Several applications of the framework to pharmacological treatments have been published11,12,13,14,41,42,43,44. Supplementary Tables 1 and 2 present two fictitious examples of IBI trials. They are not intended as best-practice examples, but rather to illustrate the principles of the addendum. The example follows the template to describe trials provided by Ratitch et al.8,9.

Discussion

This manuscript introduced the ICH E9(R1) addendum to IBI researchers. The addendum prompts prioritizing the collection of measurements vital for answering the clinical question and anticipating how ICEs impair the availability of needed measurements1. When ICEs are anticipated, trial design and statistical approach can be aligned to derive informative estimates. Trial protocols should report the targeted estimand1,22,45. Reports of completed trials should provide sufficient detail to derive the estimand20,46. This includes describing estimated effects with precise language. Instead of claiming that the “IBI was effective,” one might report that “group differences reflect the effect that could be achieved if all individuals would be compliant” when the hypothetical strategy was employed18.
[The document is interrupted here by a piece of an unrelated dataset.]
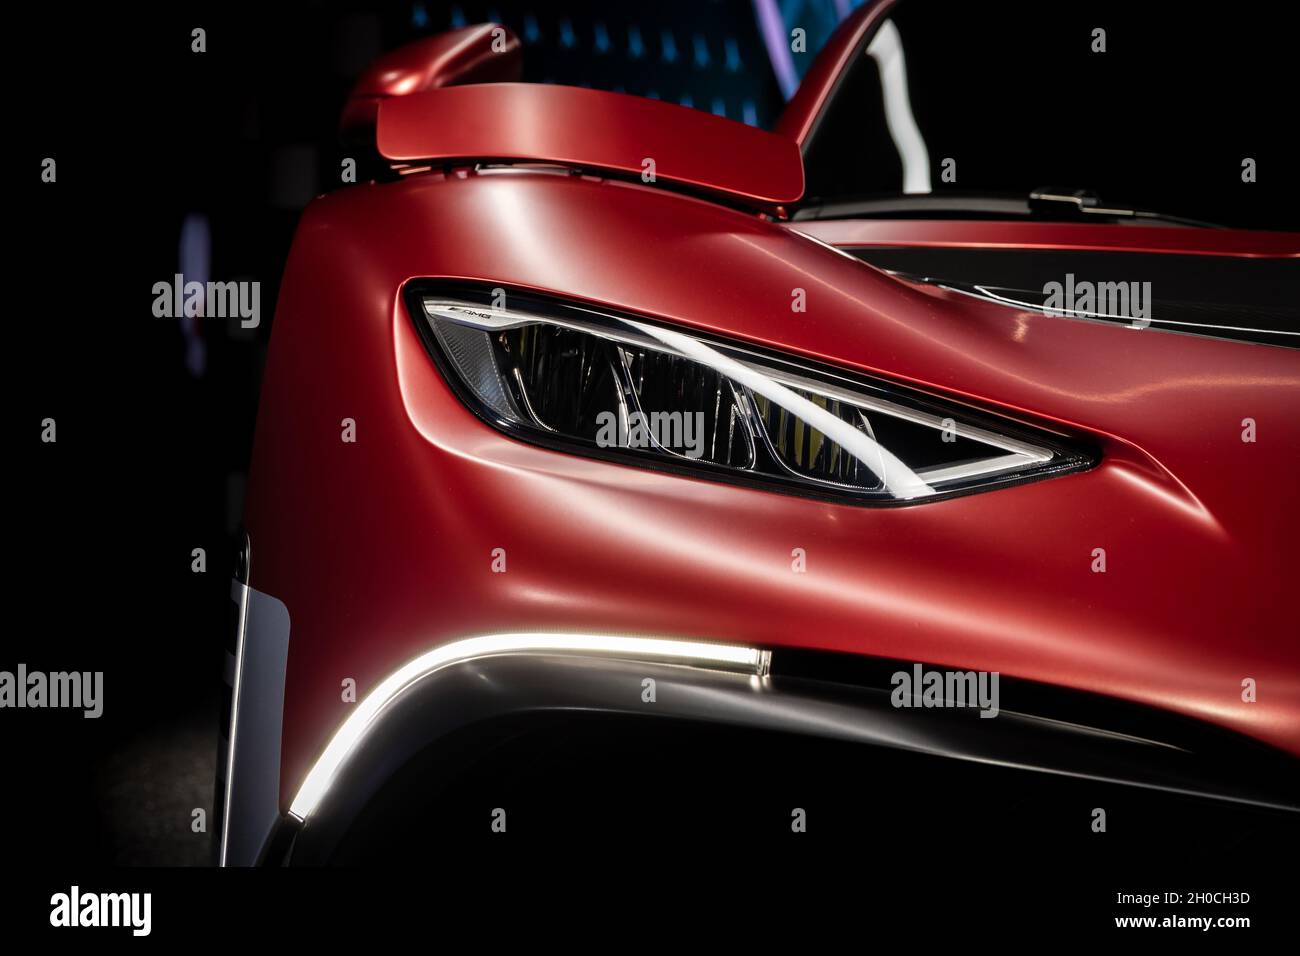 Mercedes-AMG Project One, une voiture de sport présentée au salon automobile IAA Mobility 2021 à Munich, en Allemagne, le 6 septembre 2021. Banque D'Images

Standardized reporting of estimands will facilitate the synthesis of findings in meta-analyses6. Currently, the lack of clarity in reporting estimands hampers systematic evaluations of how estimands explain between-study heterogeneity20,46. To increase understanding of estimands, helpful teaching materials have been published16,26,47.

While this manuscript focuses on parallel group trials, the framework extends to factorial designs48, cluster randomized trials49, and non-inferiority and equivalence trials42,50,51,52. It should also be considered in face-to-face psychotherapy trials.